27 ноября 1840 года родился поэт, которого знали все в музыкальных салонах империи, но почти забыли после революции. Его называли “русским Верленом”, но не за эпатаж — за боль и честность. Кто он — этот болезненный чиновник, обитатель столичных гостиных, страдающий человек, писавший так, будто стихи — это последние слова перед вечностью? Алексей Николаевич Апухтин родился в Пензе в дворянской семье. Его рано отправили в Императорский лицей в Царском Селе — том самом, где учился Пушкин. С тех пор жизнь его шла двумя линиями: одна — поэзия и музыка, другая — служба по чиновничьей лестнице. Он был близок к Языкову, Тургеневу, и особенно — к Петру Ильичу Чайковскому. Последний отмечал его величайшим поэтом среди живущих и написал на его стихи 14 романсов. Эти песни звучали в залах, на балах и в гостях — особенно: Апухтин писал почти всё в стол. Не искал славы.
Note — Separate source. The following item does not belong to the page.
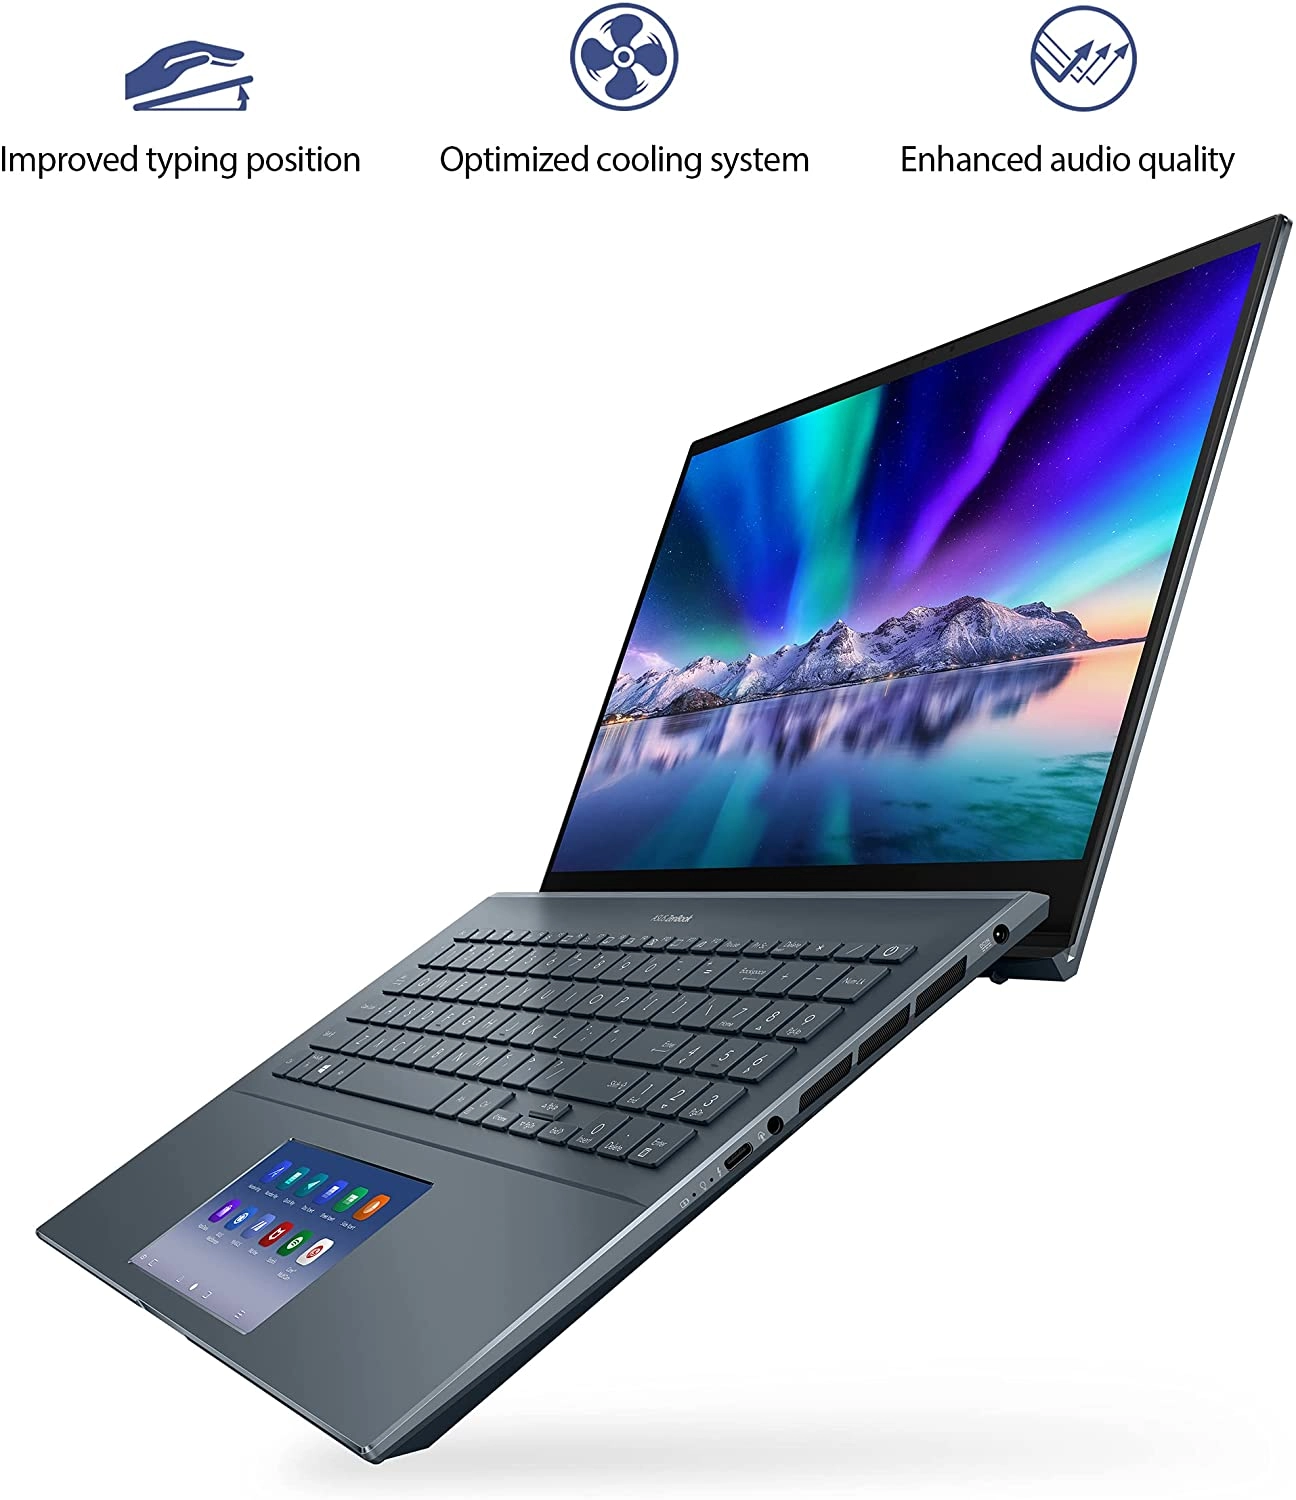 Asus ZenBook laptop image

Был тяжело болен — с юности страдал от ожирения и отёков, к концу жизни почти не мог ходить. Но писал до последнего. В стихах он
Оглавление

27 ноября 1840 года родился поэт, которого знали все в музыкальных салонах империи, но почти забыли после революции. Его называли “русским Верленом”, но не за эпатаж — за боль и честность.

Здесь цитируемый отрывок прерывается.